GPT-3, the latest technology in the AI world, has generated a lot of hype as being the best at content creation with a language structure compared to other technologies
The new addition to the AI world, GPT-3, has resulted in high excitement in the enterprise world. The tech is touted to be the latest AI that is better than any existing tech at creating content with a language structure. It includes both machine and human language. OpenAI created the tech and is described to be the most useful and important innovation in AI since the start.
Understanding the technology
Generative Pre-Trained Transformer 3 is the third version of the tool. It functions by generating text via algorithms that are pre-trained. The tool has data that it needs for carrying out the tasks already in it.
It has been input with nearly 570GB of test data, as an accessible dataset – CommonCrawl. It also additional texts collected by OpenAI, which includes Wikipedia texts. CIOs say that the tool is the biggest artificial neural network created developed till date, capable of providing the most relevant answer for any query posted to it..
Features of the tool and benefits to the enterprise
GPT-3 can write essays, translate languages, memos taking, create computer code, answer questions, and summarize long texts. The tool is quite revolutionary is expected to be useful and usable in the long-run.
It will have a significant impact on apps and software development process in the future. The code is yet to be disclosed to the general public and is accessible to only certain developers via an API maintained exclusively by the OpenAI.
Enterprise leaders say that the tool fits well within the broad segments of AI applications and is a language prediction model. It is an algorithmic architecture created to use the input piece of language and convert it into a format that the tool forecasts to be the most useful piece of language for the end-user.
This is possible via the training analysis carried out on the massive volume of text implemented to pre-train it. Compared to previous algorithms that are not trained in their raw stage, OpenAI has used a huge volume of compute resources required for GPT-3 to analyze how languages are structured and work.
Some drawbacks of the tool
While CIOs are excited about GPT-3’s capability to produce languages, they are still wary about a few points. The biggest challenge is that it is quite expensive for small to medium enterprises. The cost is mainly due to the high level of compute power required to carry out its tasks.

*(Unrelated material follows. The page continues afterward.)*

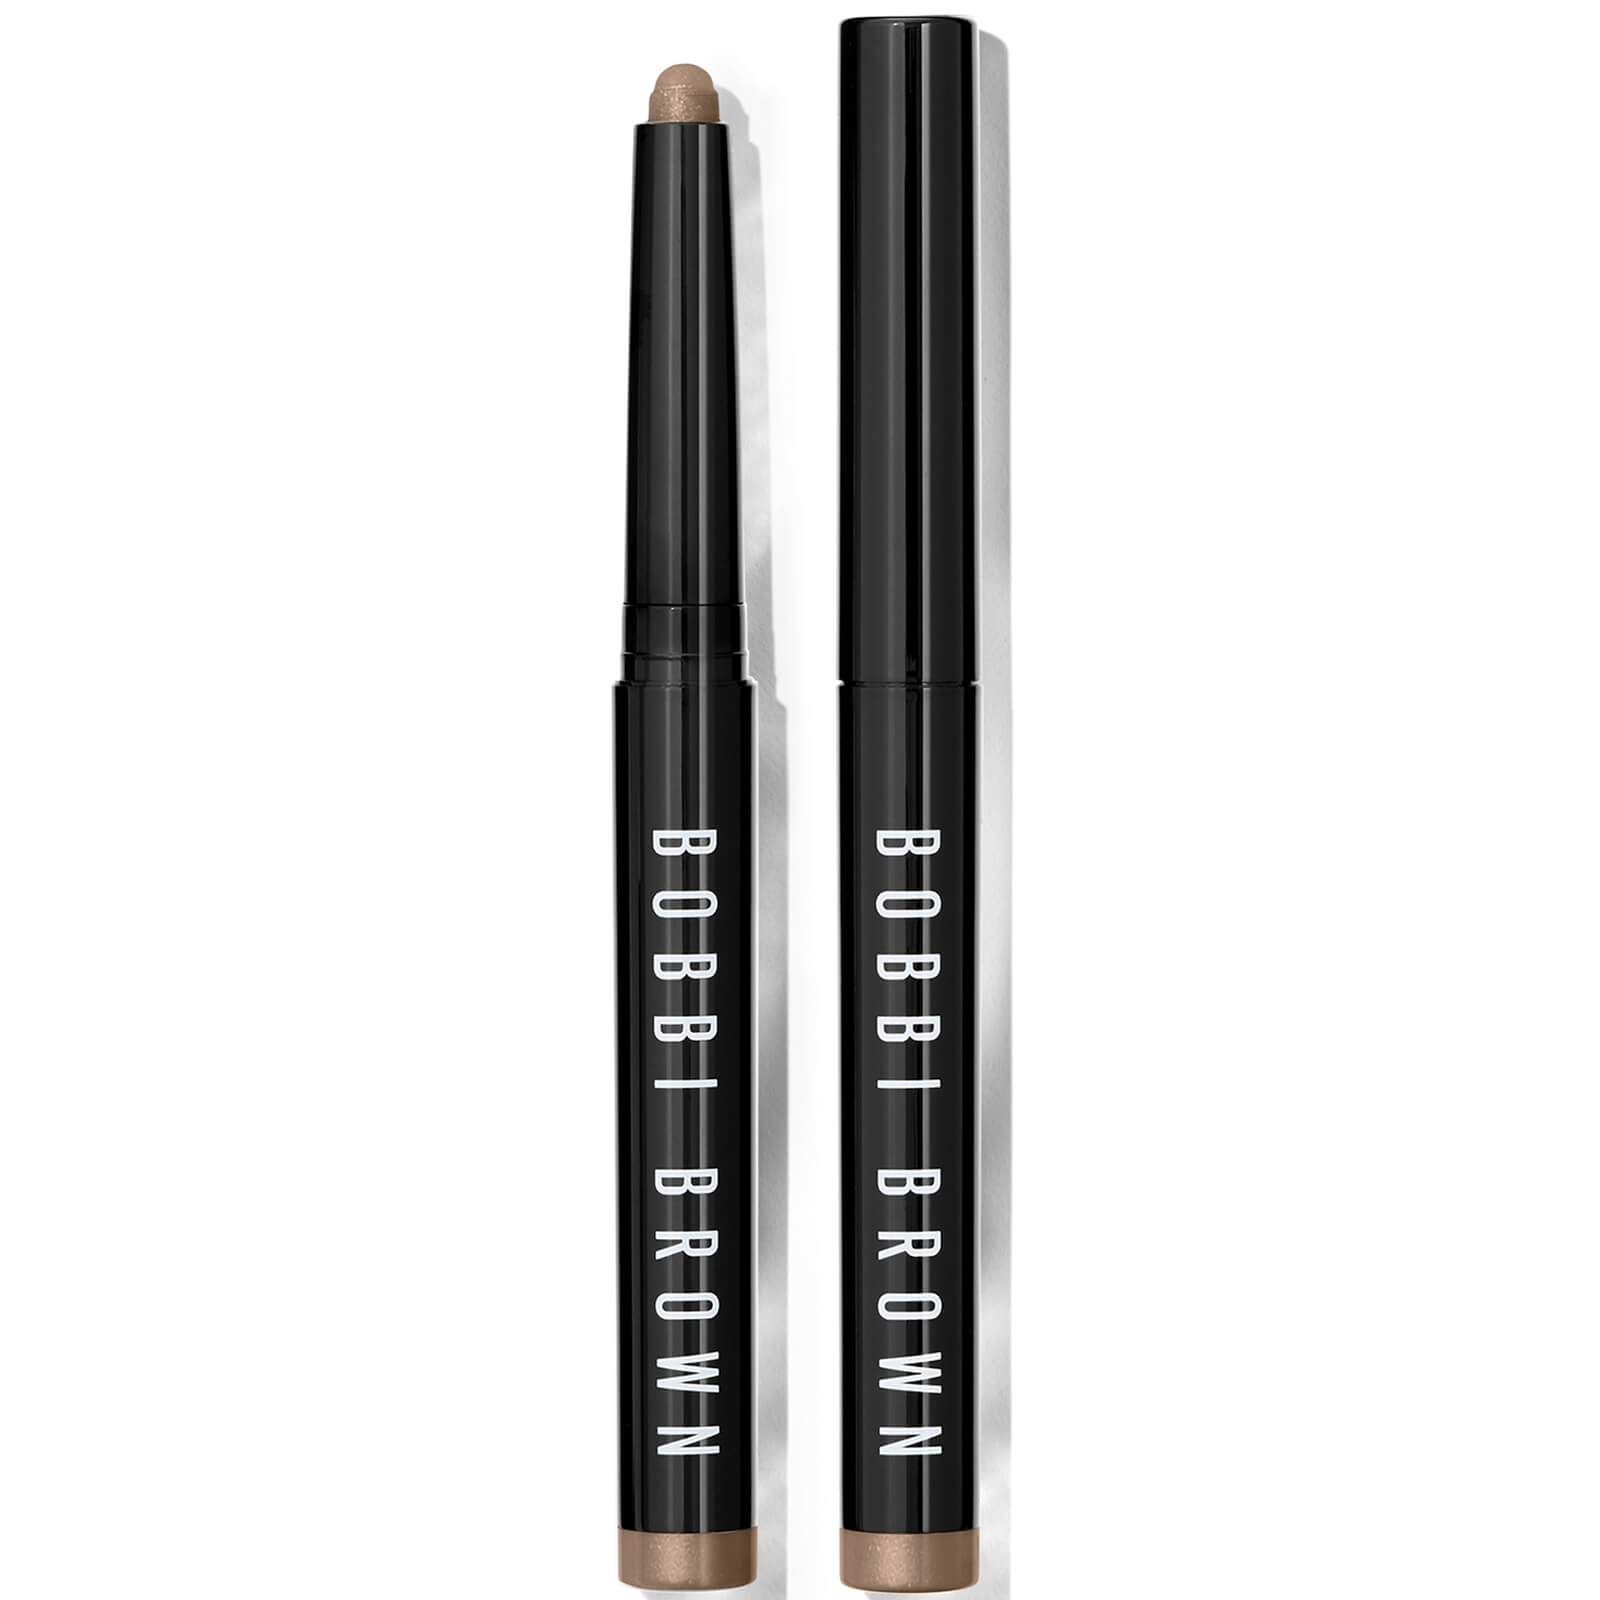 Bobbi Brown Long wear cream shadow Stick Shimmer Shades (Merry and Bright) Bronze

The tool functions as a black-box or closed system but its complete official working details are yet to be announced by OpenAI. Organizations looking forward to implementing the tool to generate resolutions or create products for them are quite unsure about its true algorithm.
Output can still be perfected further. GPT-3 can easily handle the creation of basic applications or short texts but produces less than useful output/ gibberish when asked for complex applications or longer texts.
Enterprise leaders agree that these disadvantages will be handled with time, as price reductions happen in compute power, AI platforms get standardized, and algorithms are being fine-tuned and streamlined to handle higher data volumes. The tool is leap-years ahead of what has been implemented in the AI world currently.